Здесь все обращаются друг к другу на ты, если считают тебя своим. Меня считают, и это хорошо.
– Нет, баркалла, брат. Вот, держи.
Я передаю деньги.
– Рахмат…
Выбираюсь наружу. Солнце сегодня печет по-летнему, и видимость – как говорят авиаторы – на миллион. И люди. Толчея, шум машин… Дагестан очень населен, особенно его столица, и это хорошо видно. Хотя с тем же двадцатимиллионным Карачи не сравнить…
Мне – внутрь.
Недавно павильоны накрыли прозрачными куполами из какого-то оргалита, но стало только хуже, теперь дышать нечем, не проветривается совсем.
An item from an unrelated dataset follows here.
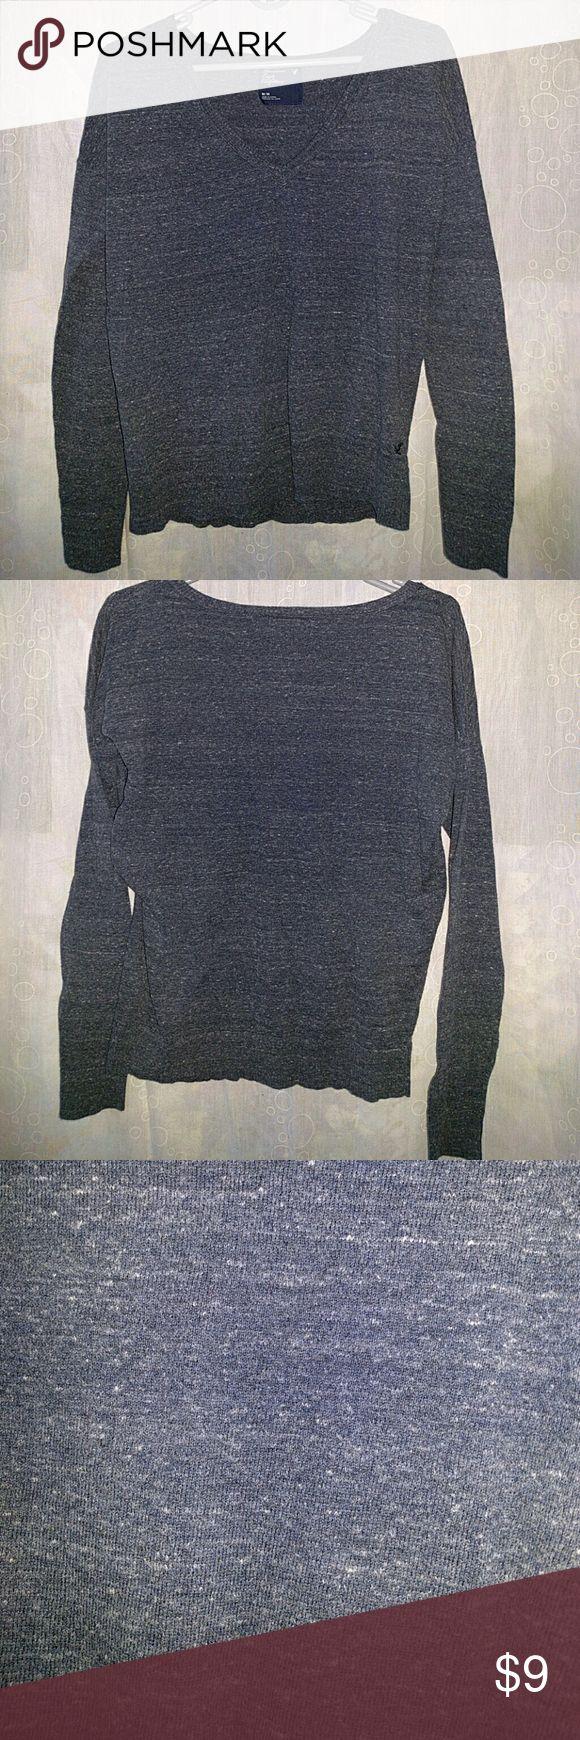 American Eagle Outfitters V-neck Sweater Blue-grey AE v-neck sweater. American Eagle Outfitters Sweaters V-Necks

Я прохожу через ворота, мимо голого по пояс сборщика дани, и окунаюсь в торговые ряды… многоголосый, на разных языках торг, непередаваемый аромат химии от тюков китайского шмотья, бесстыдно выставленные на витрине бюстгальтеры размера такого, что одну их чашку можно использовать, как подкладку под шлем. Тут же шмыгают пацаны, предлагают позвонить с левых мобил, разносят куски чуду[1] и горячий чай, если зазеваешься, могут и ограбить. Но меня не ограбят, я и не такое видал.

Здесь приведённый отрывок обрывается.